Duisburg, 19. Januar 2017 - Mobbing gegen Übergewichtige ist an der Tagesordnung im Internet-Alltag der Kabarettistin Nicole Jäger. Da geht es schon mal richtig unter die Gürtellinie und das Ausmaß der Phantasie scheint im Bereich der Internethetze gegen Dicke geradezu unbändig.

„Manche glauben sogar, dass ich mich auf jedem Buffet nackt suhle“, stichelt Nicole Jäger aberwitzig im Rahmen des Programms „Ich darf das, ich bin selber dick“ in der Rheinhausenhalle.

Und bricht mit allen Tabus, bestätigt zynisch die Vorurteile, die gegen Dicke bestehen.
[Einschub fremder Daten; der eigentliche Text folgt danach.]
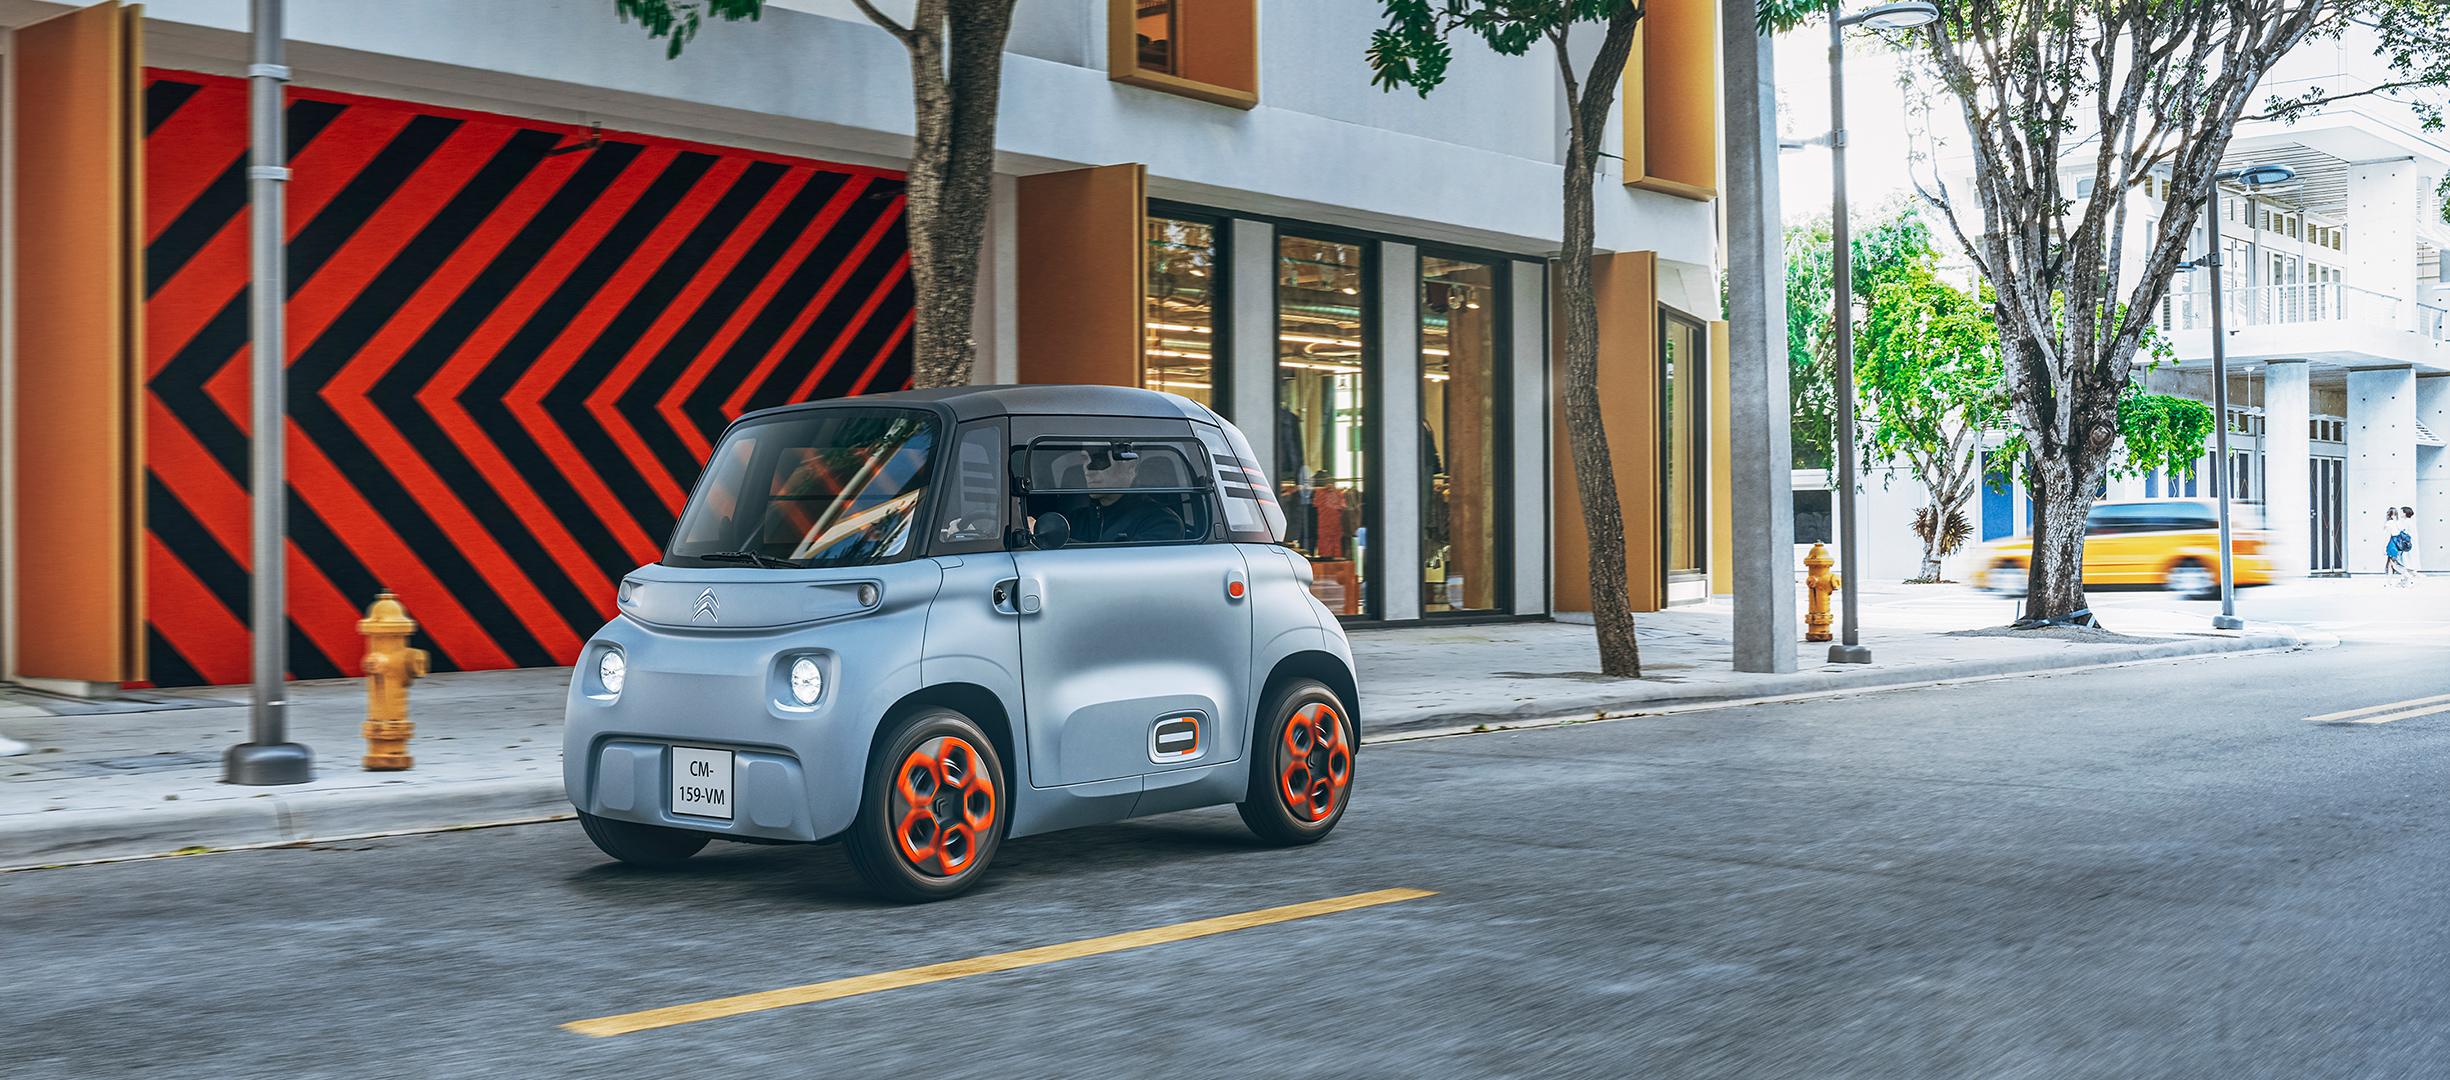 Citroën AMI, ha nacido una estrella
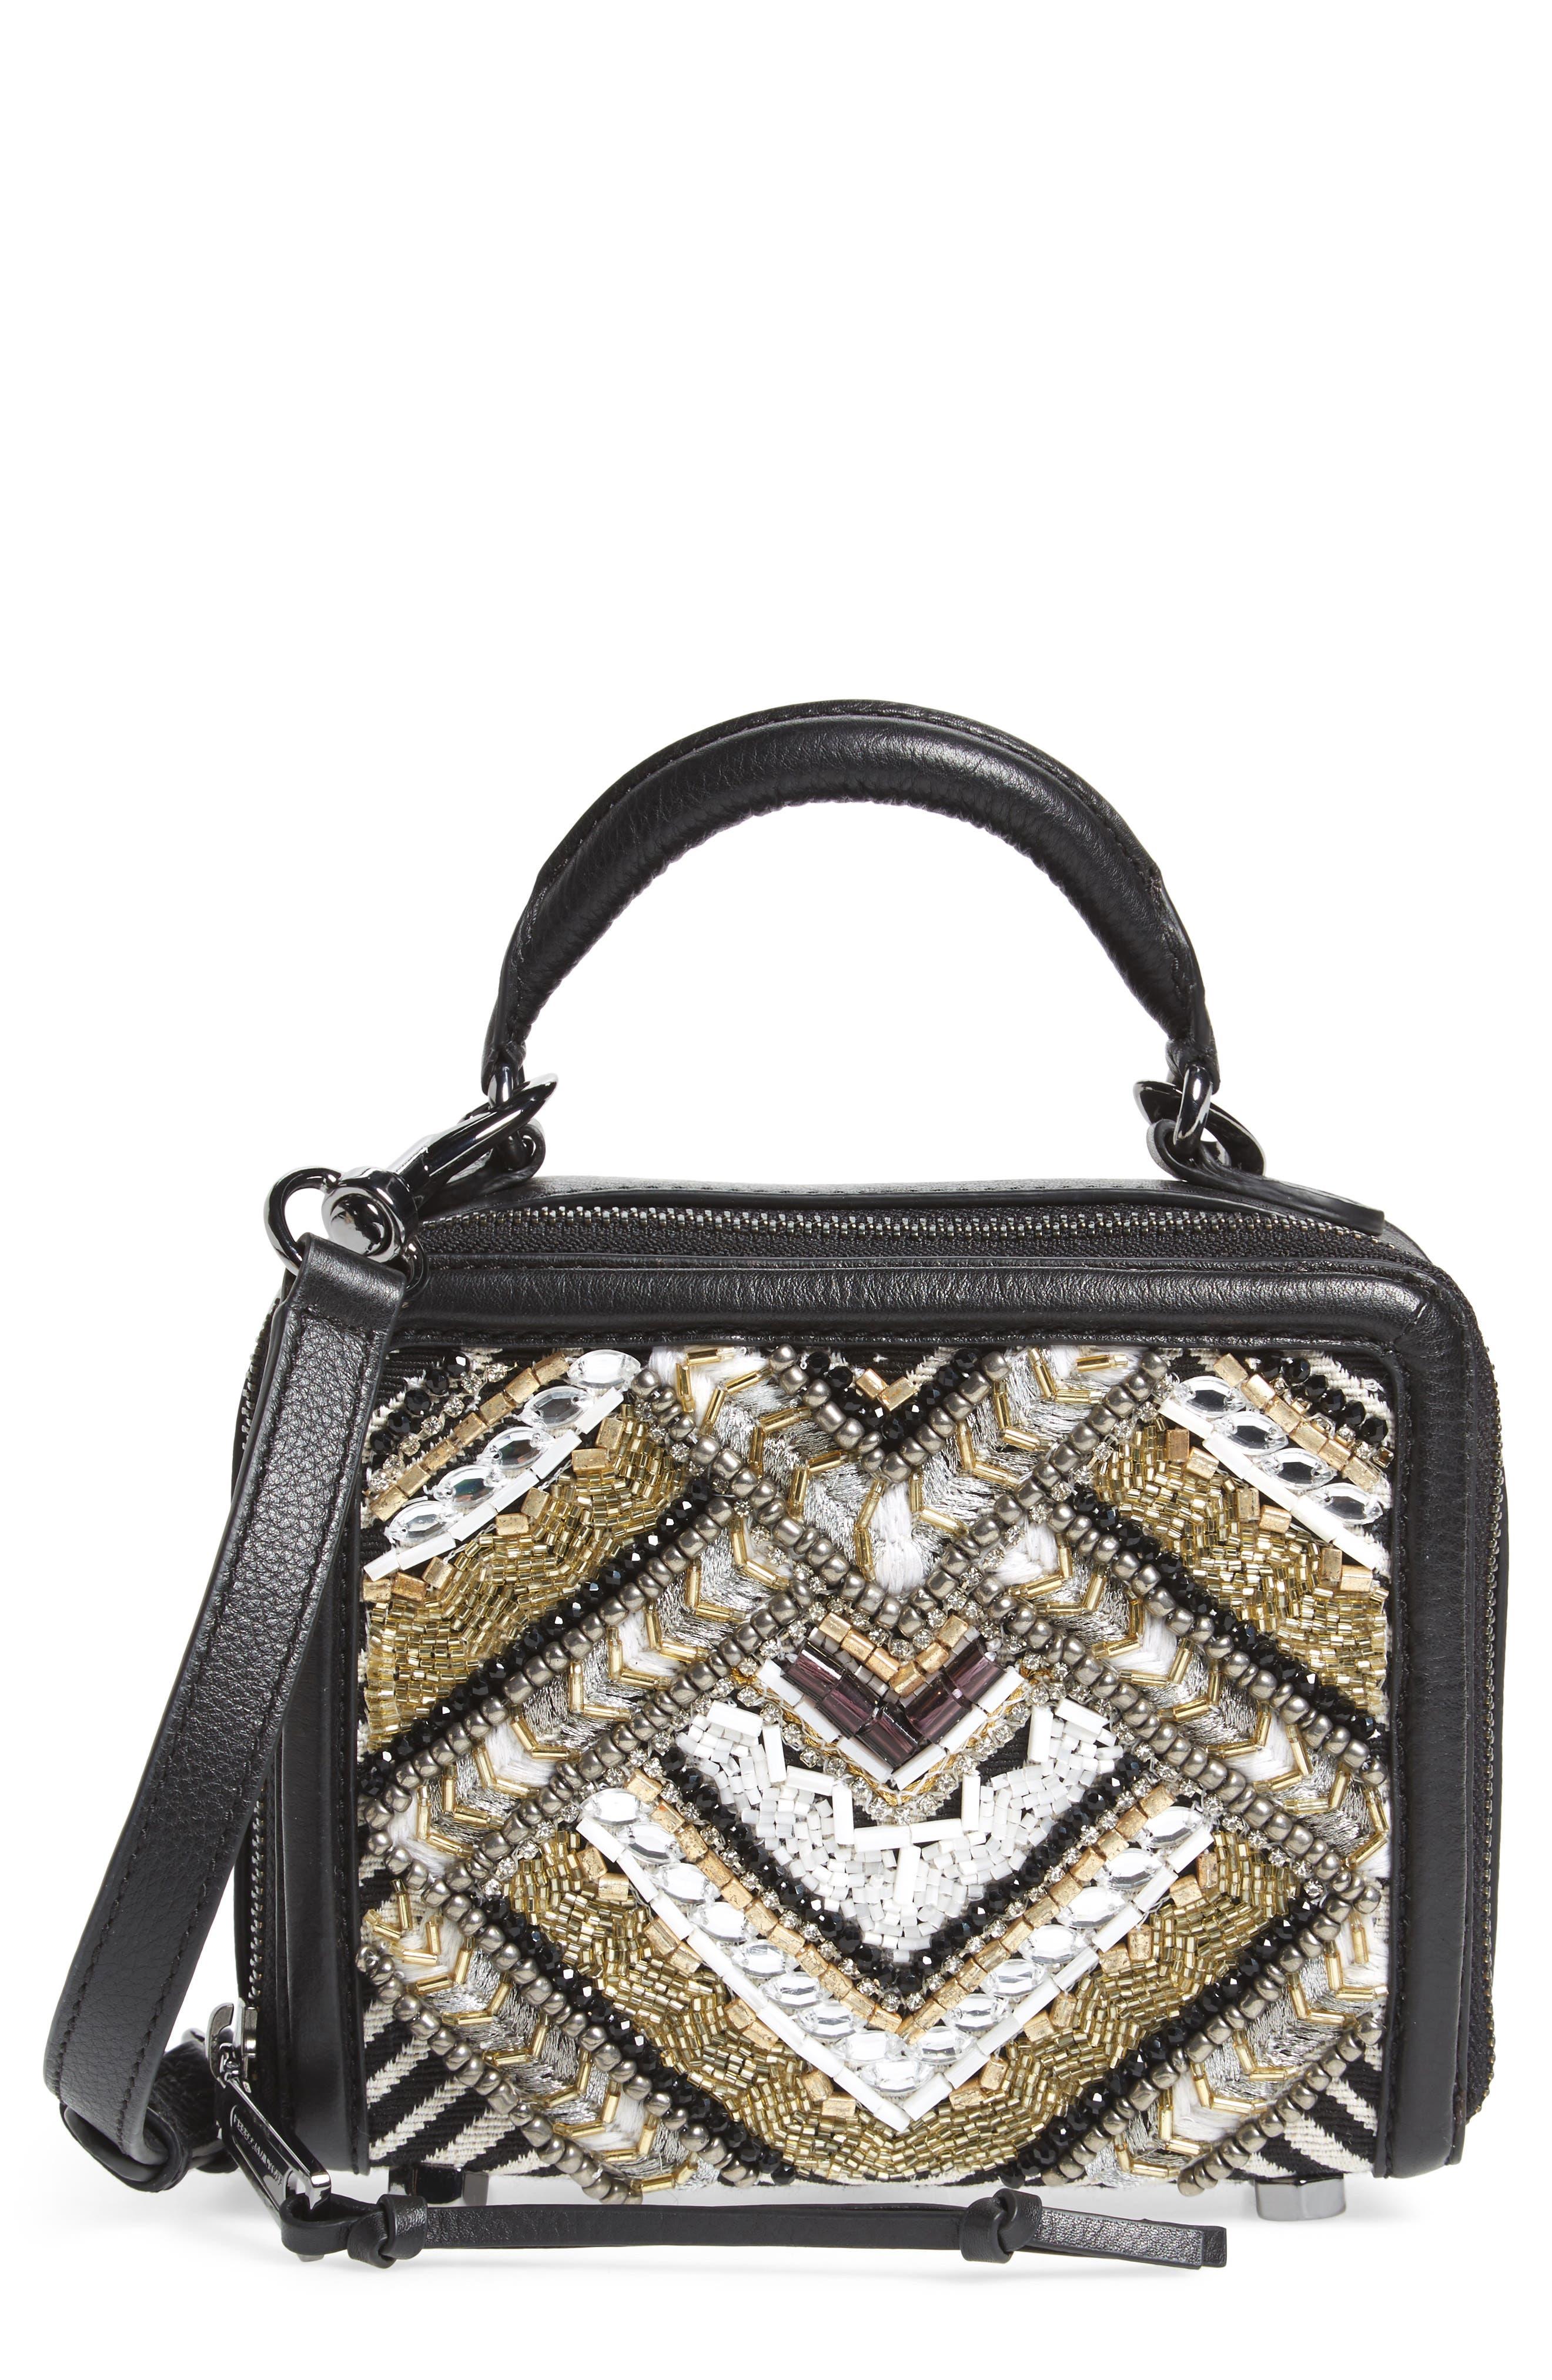 Wonder Box Embellished Crossbody Bag,                             Main thumbnail 1, color,                             Black Metallic Multi

Als sie neulich eine Homestory mit einem Fotografen einer Frauenzeitschrift machen sollte, fiel ihr für das Foto sinnvollerweise im Vorhinein schon ein: „Äh, soll ich vielleicht in den vollen Kühlschrank gucken?“ Und damit nahm sie die Idee des Fotografen quasi vorweg. Im Supermarkt, ihrem „Dealer“, fühlt sie sich beobachtet, wenn sie vor der Obsttheke steht, und mutmaßt, was die Leute denken: „Jetzt holt sie sich das Alibiobst und danach geht es zur Schokolade und zu den Chips.“

Da kann einem schon mal das Lachen im Hals stecken bleiben. Vor allem, wenn sie Kommentare, die andere über sie gemacht haben, verliest und neben Nazi-Methoden (Vergasen, erschießen, etc.) im Umgang mit ihr, auch noch ein Zitat ihrer Oma kommt: „Du warst doch eigentlich so hübsch, warum hast du dich so verunstaltet?“

Da spätestens ist Stille in der Halle, die Nicole Jäger aber sofort in ein lachendes Pulverfass verwandeln kann. Mit diffiziler Selbstironie erreicht die Hamburgerin, die nahe dem „Lattemacchiato-Strich“ wohnt, aber auch herzhafte Seufzer: „Können die Modedesigner für Übergewichtigenmode auch daran denken, dass ich im Winter nicht an den Armen frieren möchte?“  Da zu viel Stoff des Kleides für die Körpermasse draufgehe, habe sie ständig Zweidrittel-Ärmel am Oberteil.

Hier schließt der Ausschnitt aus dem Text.